The principal ions involved in an action potential are sodium and potassium cations; sodium ions enter the cell, and potassium ions leave, restoring equilibrium. Relatively few ions need to cross the membrane for the membrane voltage to change drastically. The ions exchanged during an action potential, therefore, make a negligible change in the interior and exterior ionic concentrations. The few ions that do cross are pumped out again by the continuous action of the sodium–potassium pump, which, with other ion transporters, maintains the normal ratio of ion concentrations across the membrane. Calcium cations and chloride anions are involved in a few types of action potentials, such as the cardiac action potential and the action potential in the single-cell alga Acetabularia, respectively.

Although action potentials are generated locally on patches of excitable membrane, the resulting currents can trigger action potentials on neighboring stretches of membrane, precipitating a domino-like propagation. In contrast to passive spread of electric potentials (electrotonic potential), action potentials are generated anew along excitable stretches of membrane and propagate without decay.
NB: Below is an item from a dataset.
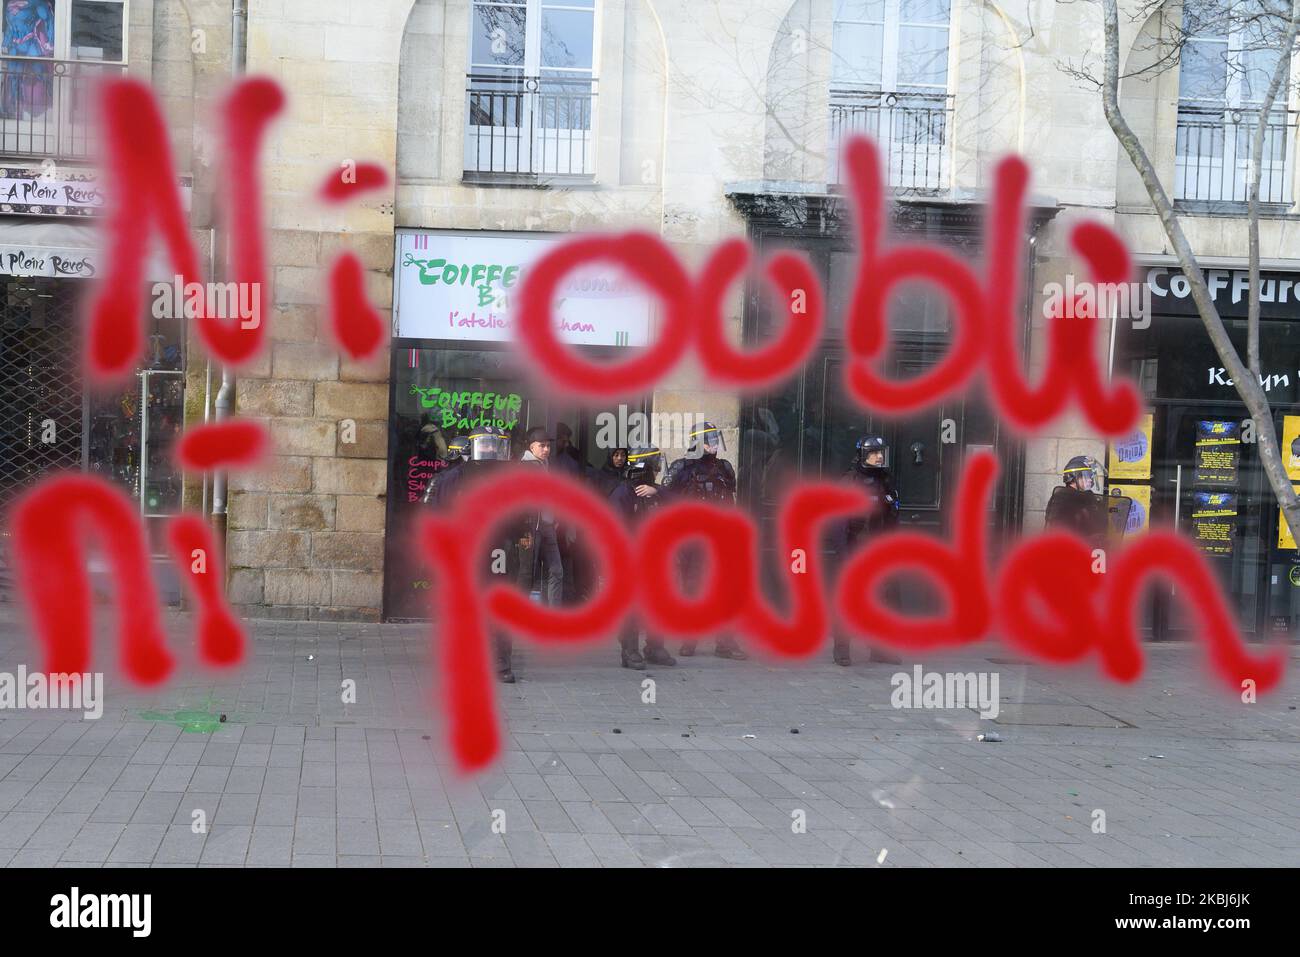 Tag 'ni oblitvion, ni pardon' en référence à la violence policière sur la touche de la manifestation contre 'des projets destructeurs, inutiles et imposéss' à Nantes (France) sur 29 février 2020 (photo d'Estelle Ruiz/NurPhoto) Banque D'Images

Myelinated sections of axons are not excitable and do not produce action potentials and the signal is propagated passively as electrotonic potential. Regularly spaced unmyelinated patches, called the nodes of Ranvier, generate action potentials to boost the signal. Known as saltatory conduction, this type of signal propagation provides a favorable tradeoff of signal velocity and axon diameter. Depolarization of axon terminals, in general, triggers the release of neurotransmitter into the synaptic cleft. In addition, backpropagating action potentials have been recorded in the dendrites of pyramidal neurons, which are ubiquitous in the neocortex. These are thought to have a role in spike-timing-dependent plasticity.